» **Task statement**: In the records below, find the line with "A packet of", then retype it and every following line exactly, stopping after the line with "- Stock Image". Leave the pictures out.

» **Material shown**:
● ● ● ● ●

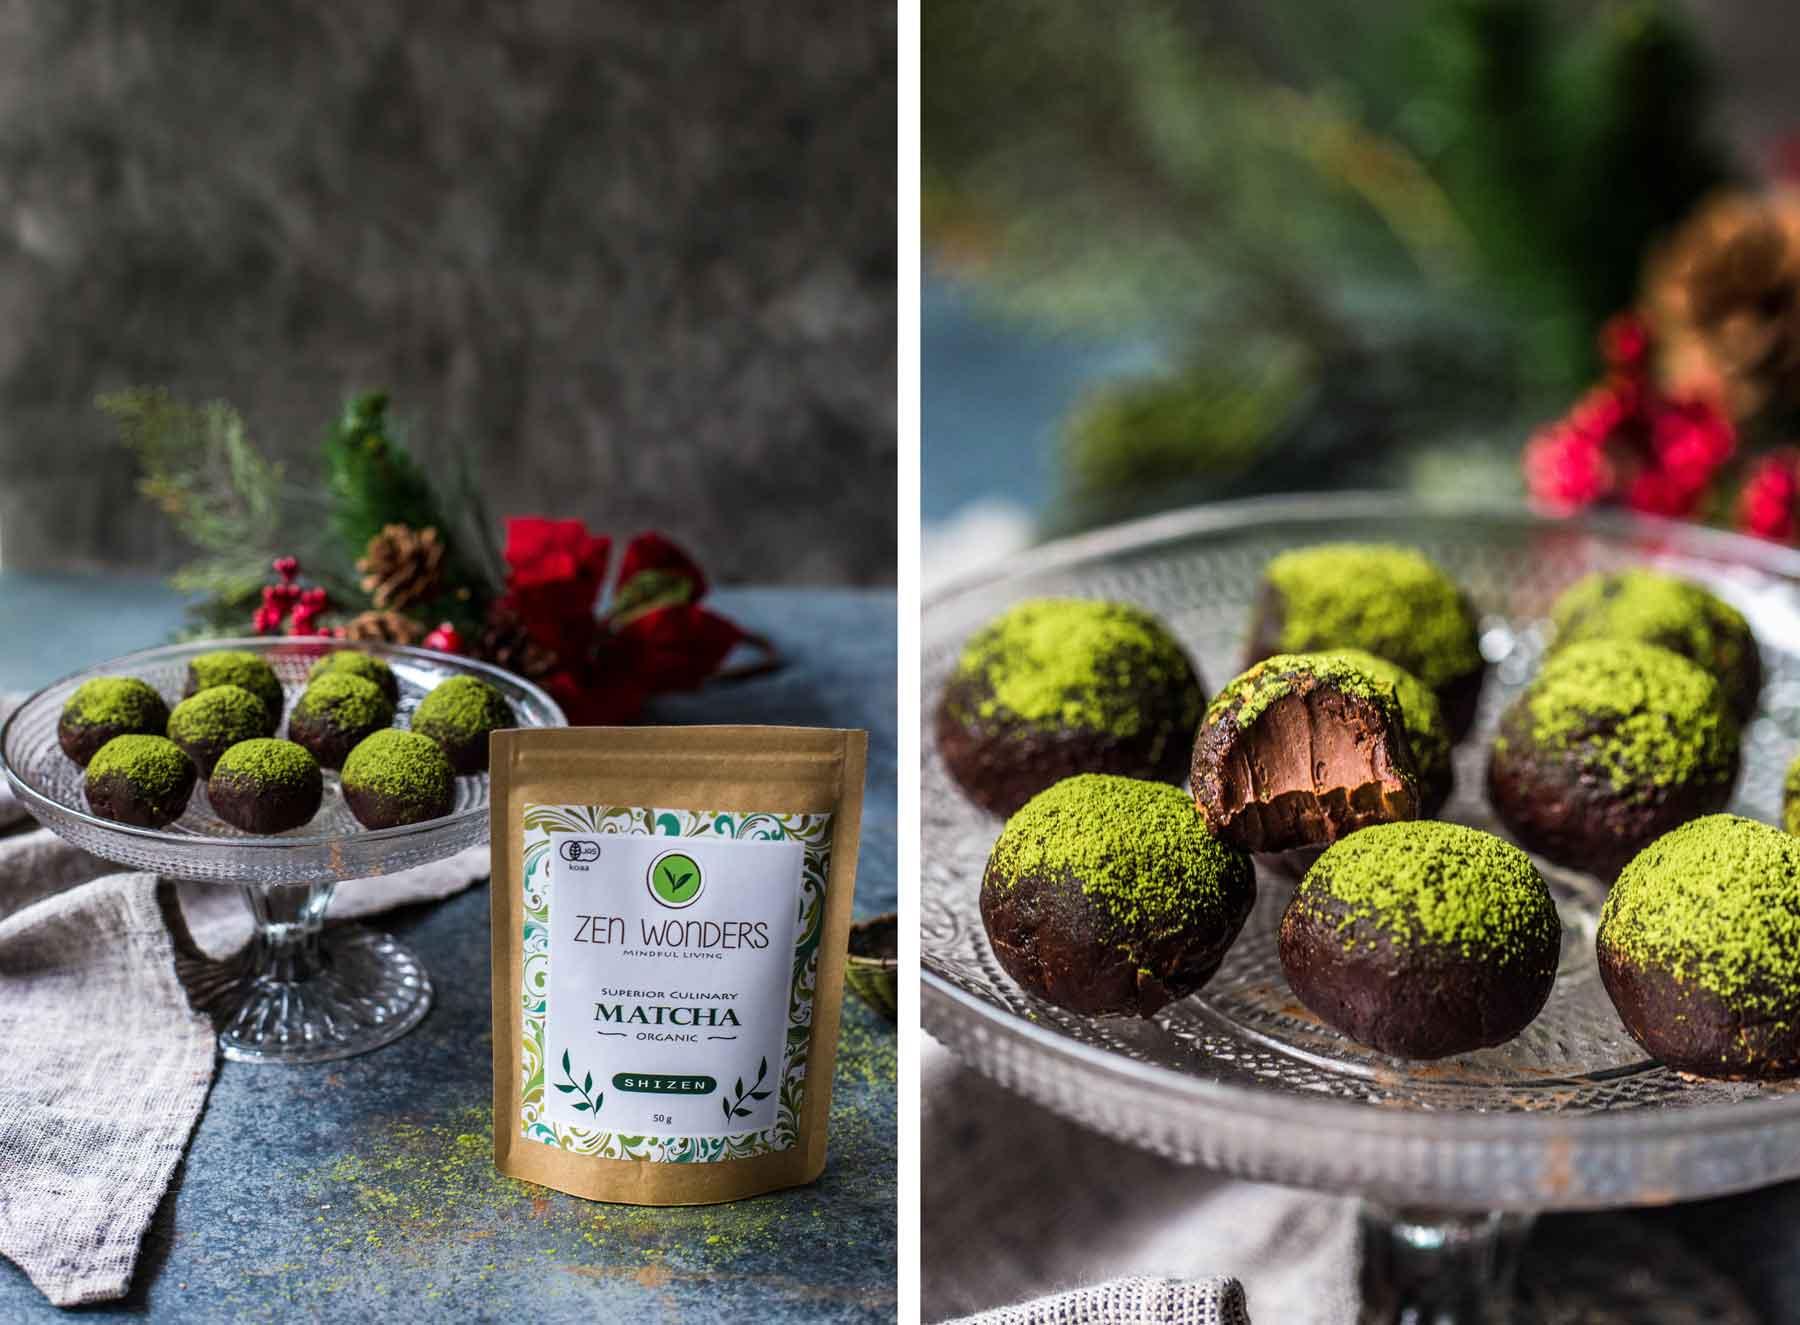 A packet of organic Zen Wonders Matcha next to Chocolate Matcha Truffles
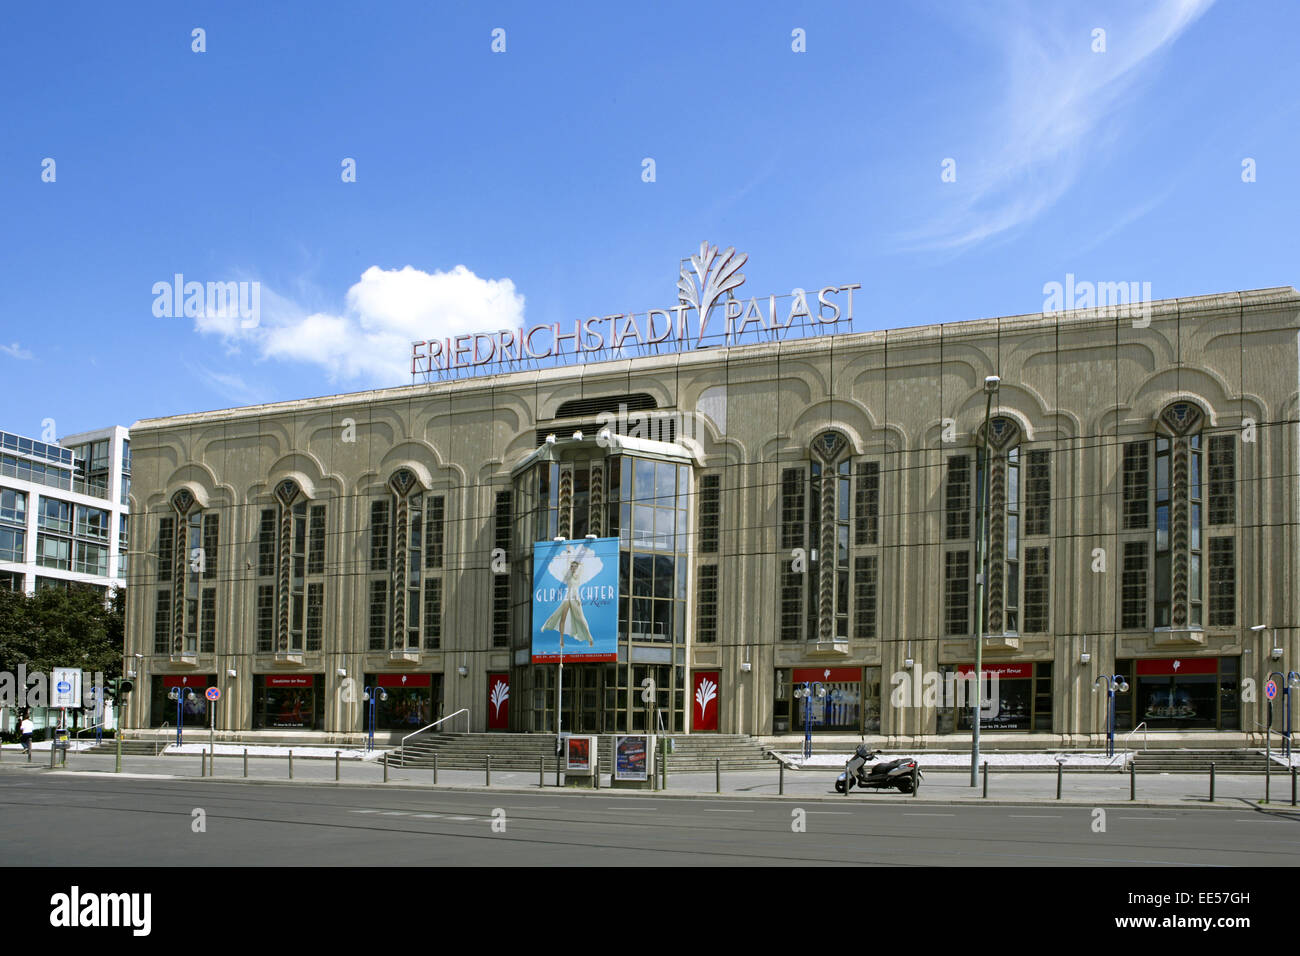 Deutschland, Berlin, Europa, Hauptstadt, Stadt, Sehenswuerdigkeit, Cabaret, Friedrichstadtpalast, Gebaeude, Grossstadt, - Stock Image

● ● ● ● ●

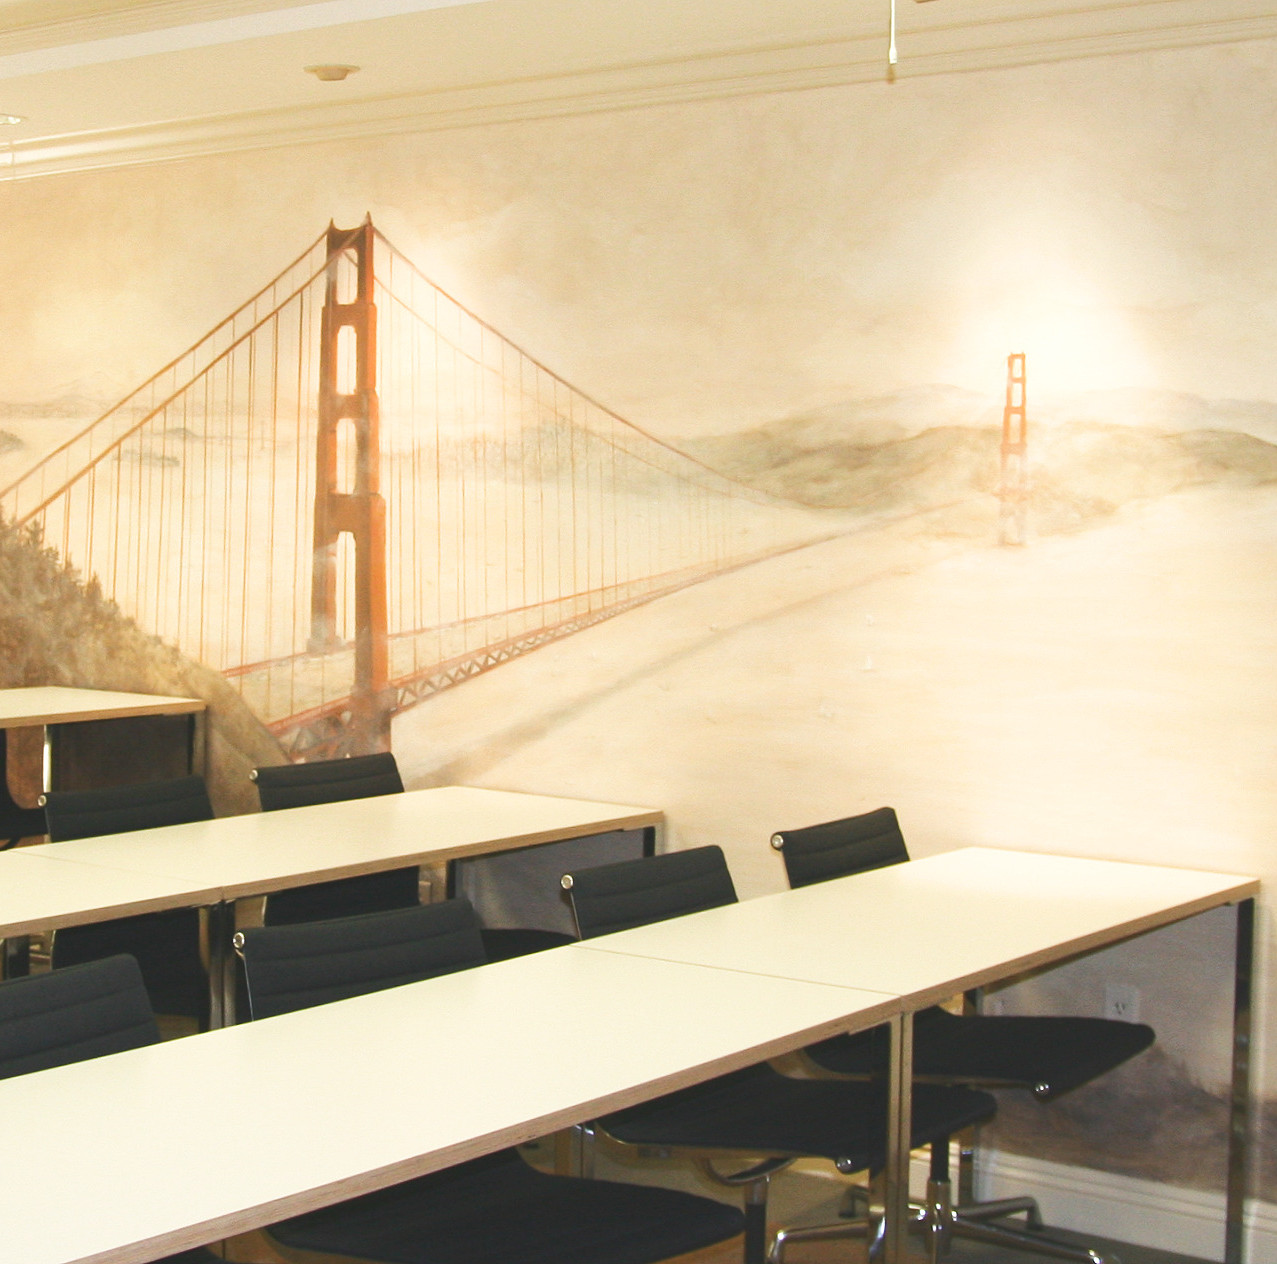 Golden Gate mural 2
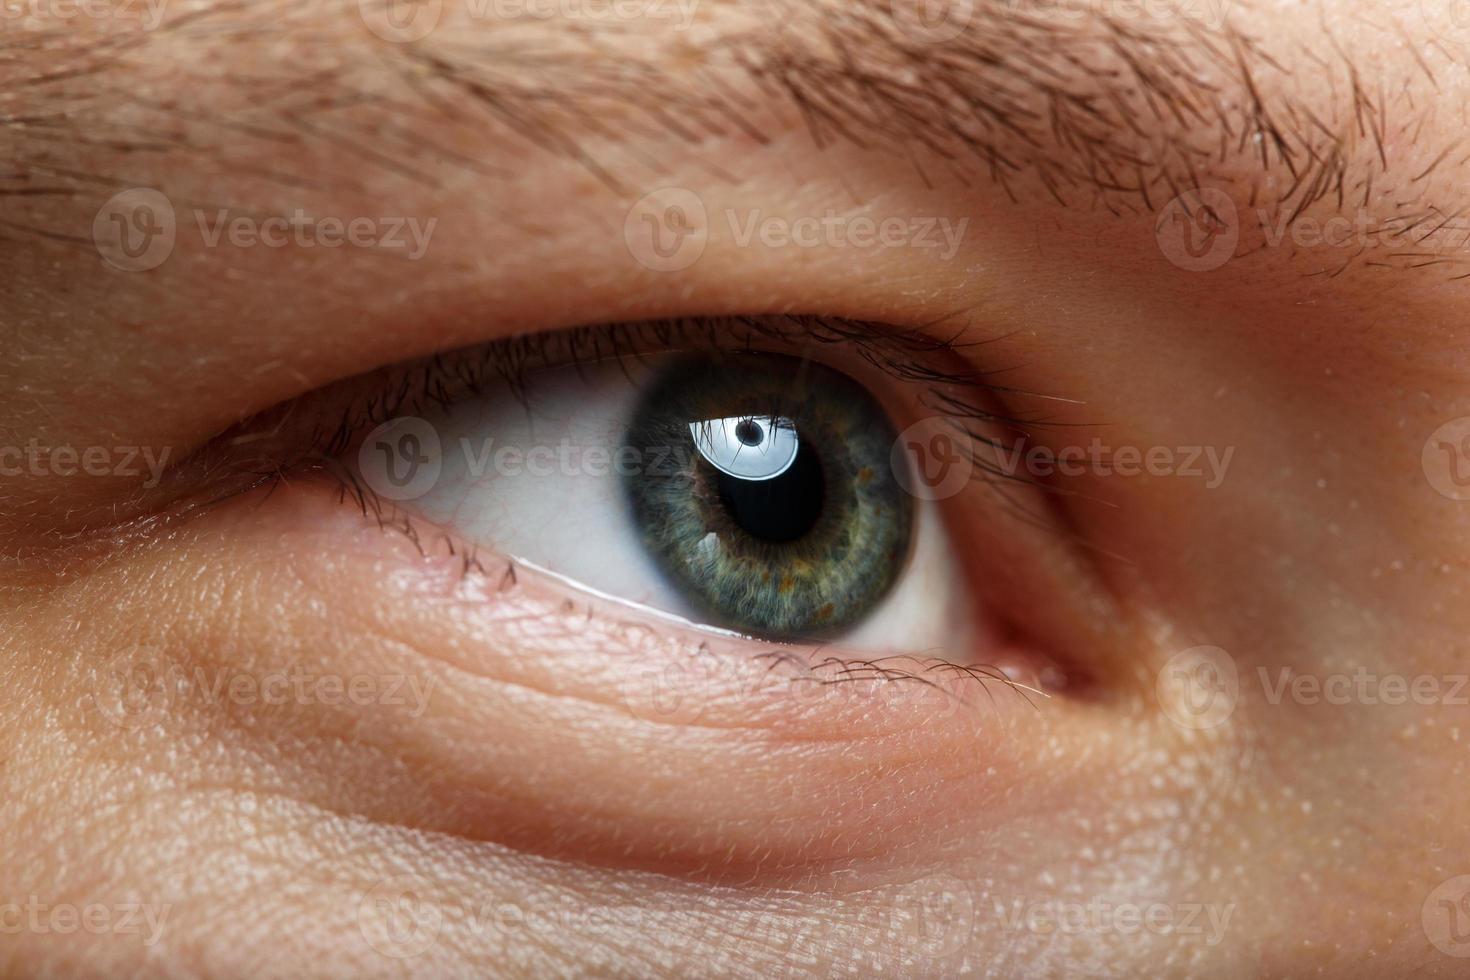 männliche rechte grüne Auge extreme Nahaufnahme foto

● ● ● ● ●

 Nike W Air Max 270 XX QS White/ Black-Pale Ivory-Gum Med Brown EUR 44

● ● ● ● ●

» **Task answer**:
 A packet of organic Zen Wonders Matcha next to Chocolate Matcha Truffles
 Deutschland, Berlin, Europa, Hauptstadt, Stadt, Sehenswuerdigkeit, Cabaret, Friedrichstadtpalast, Gebaeude, Grossstadt, - Stock Image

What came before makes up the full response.